Zapico was elected coordinator general of the United Left of Asturias in 2020. In 2023, he founded the Assembly for Asturias (CxAst) coalition with Más País and the Asturian Left and supported Adrián Barbón as President of the Principality of Asturias. CxAst formed the second government of Adrián Barbón as the junior partner to the Spanish Socialist Workers' Party (PSOE) and Zapico was given a ministry.

==Biography==
Zapico was born in Pola de Laviana in Asturias. A hotel manager, he led the United Left (IU) list in the town of Sobrescobio in the 2011 Spanish local elections, aiming to get the party on the council for the first time. He was elected again in 2015, and resigned on 28 November 2017, passing his office to the younger Alejandro Alonso.

Ahead of the 2015 Asturian regional election, Gaspar Llamazares named Zapico third on the IU electoral list in the Central constituency. The party maintained their five seats.

In the 2019 Asturian regional election, the IU fell to two seats in the General Junta of the Principality of Asturias: Ángela Vallina and Zapico. In February 2020, Zapico ran unopposed and became the new coordinator general of the United Left of Asturias, succeeding Ramón Argüelles.
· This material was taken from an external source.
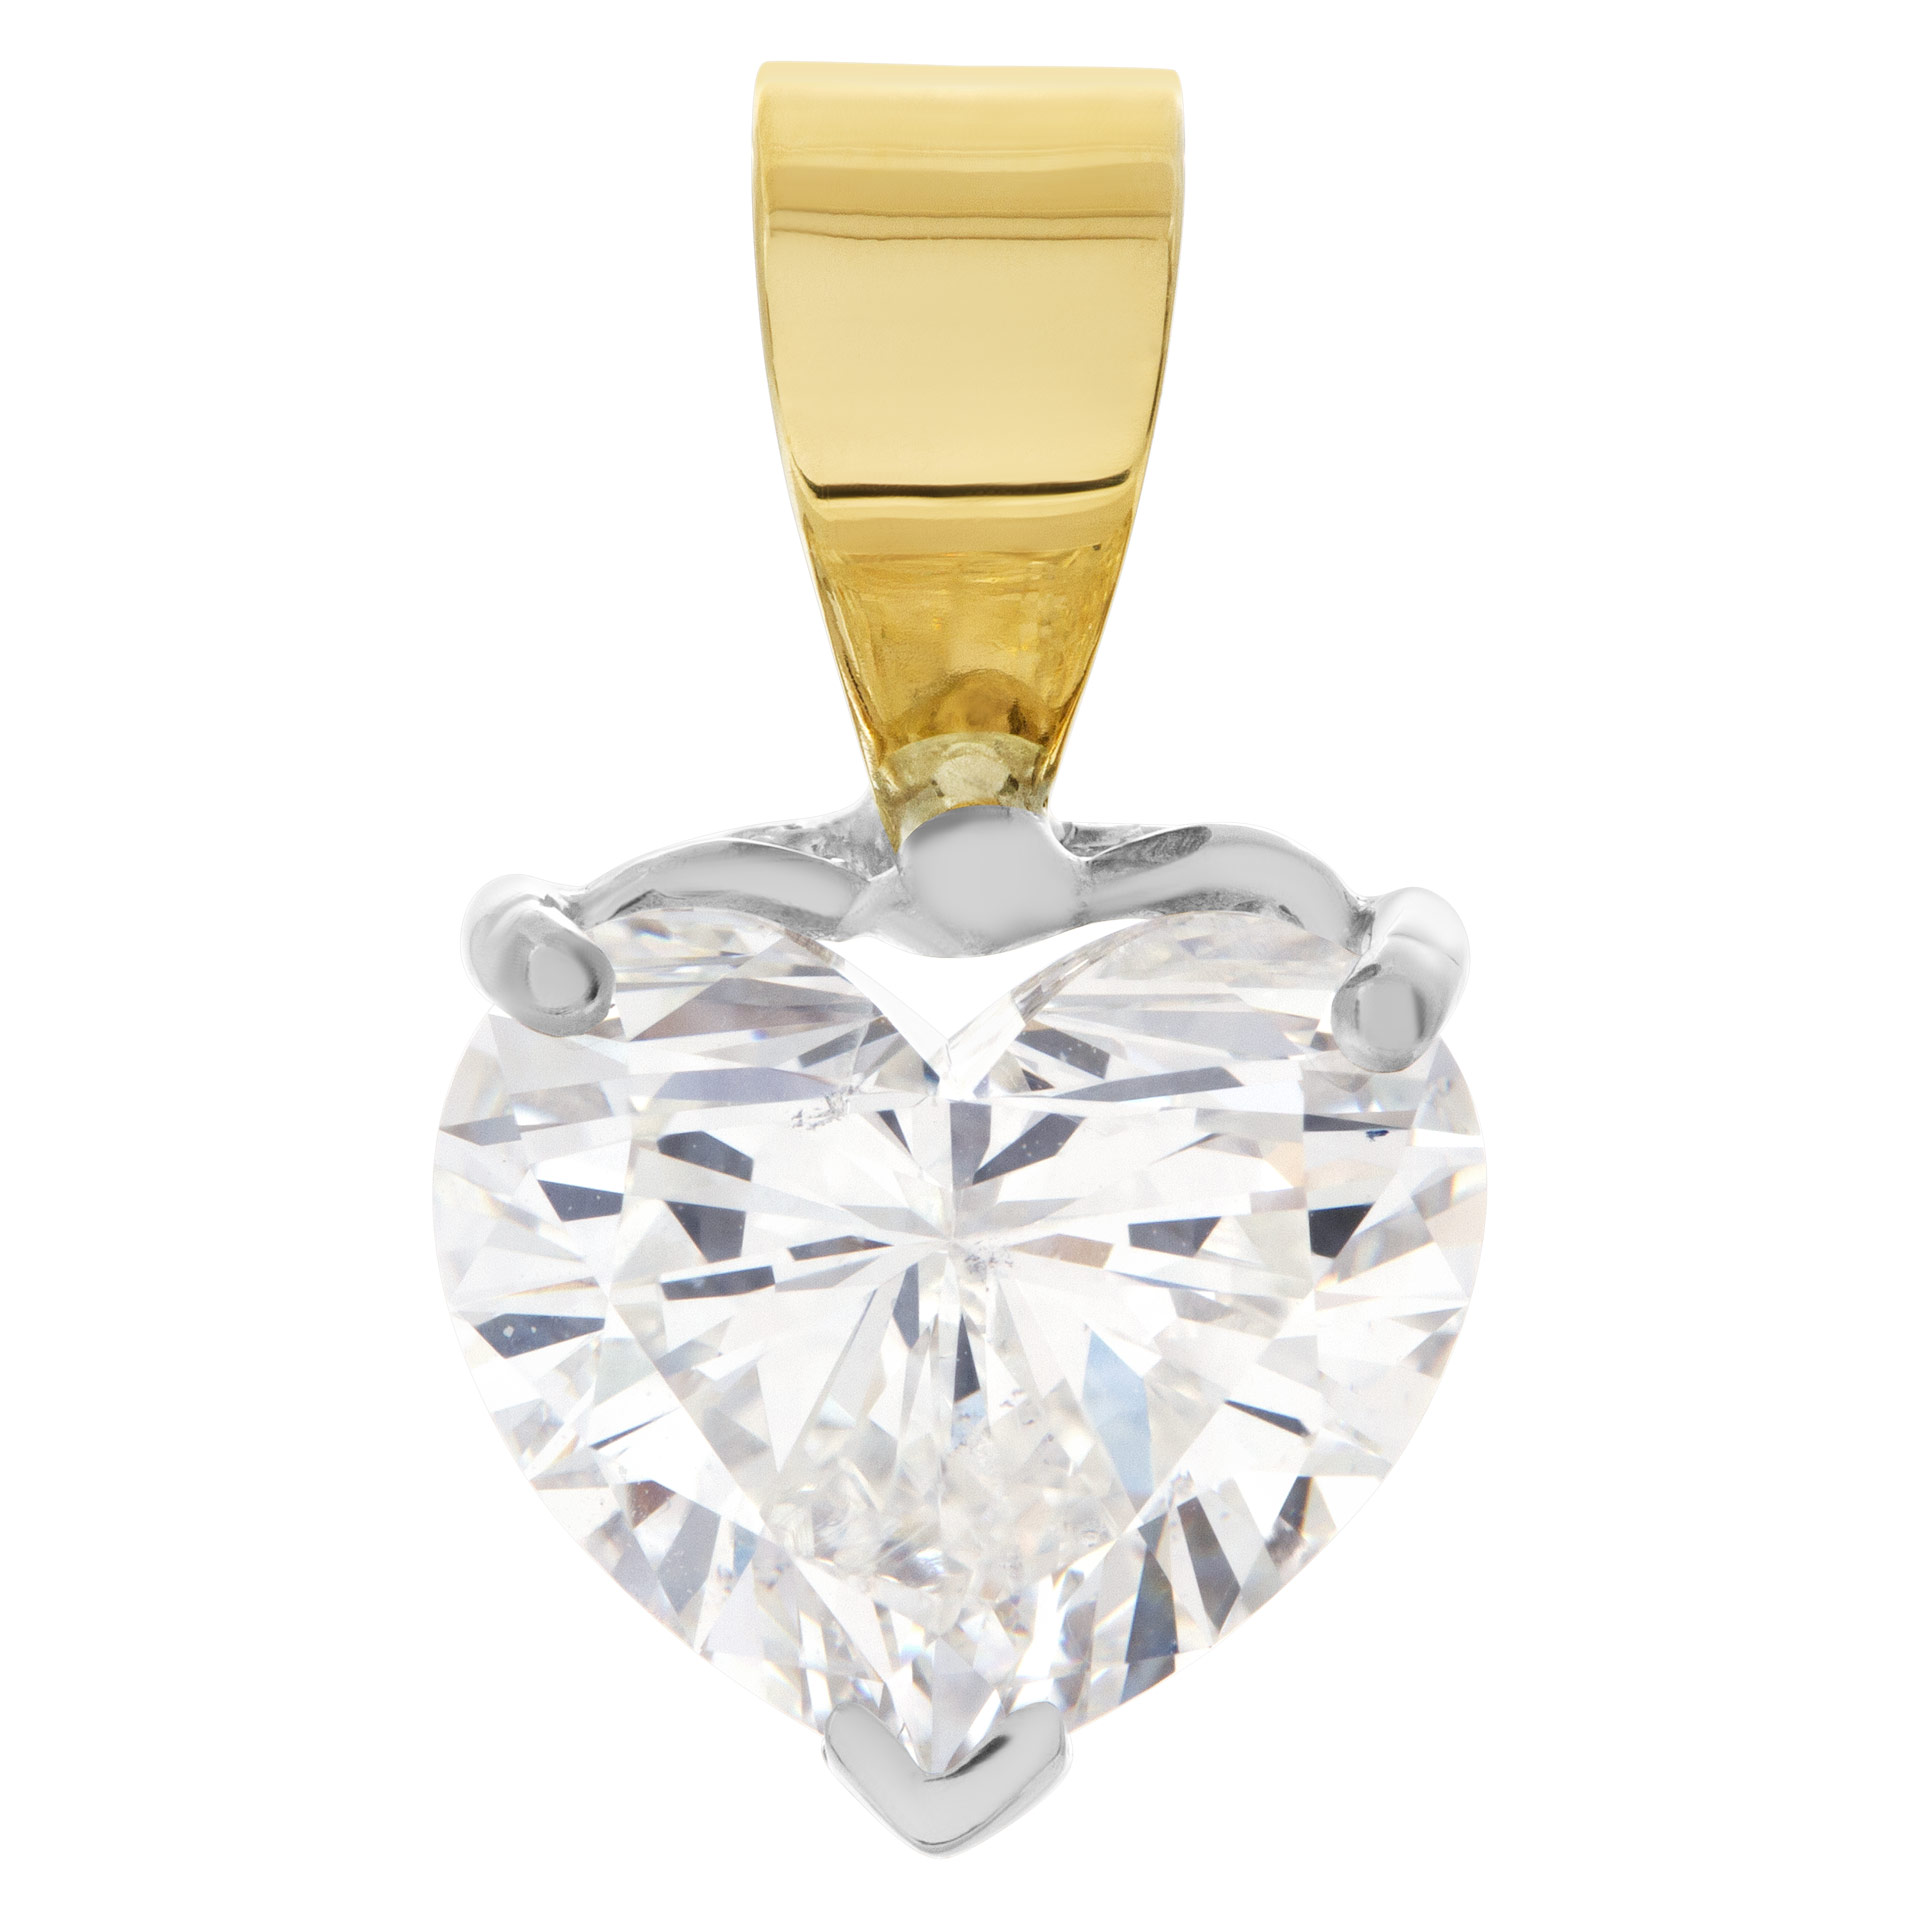 GIA certified 2.76 carat  (J color, I1 clarity) heart brilliant cut diamond in a pendant setting image 1

Having already run in 2019 with the Asturian Left as Asturias por la Izquierda, the two added Más País to their list for the 2023 Asturian regional election, and named in Assembly for Asturias (CxAst). The list, led by Zapico, received 7.6% of the votes and had three members elected, all by the Central Constituency. Together with the one deputy from Podemos, they supported Spanish Socialist Workers' Party (PSOE) leader Adrián Barbón as President of the Principality of Asturias, helping him to a majority of 23 out of 45 seats. In the Second government of Adrián Barbón, the PSOE governed with CxAst, and Zapico was given the Ministry of Land Use Planning, Urban Development, Housing and Citizen Rights.

In December 2024, at the 13th Congress of the United Left of Asturias, Zapico was re-elected coordinator general unanimously.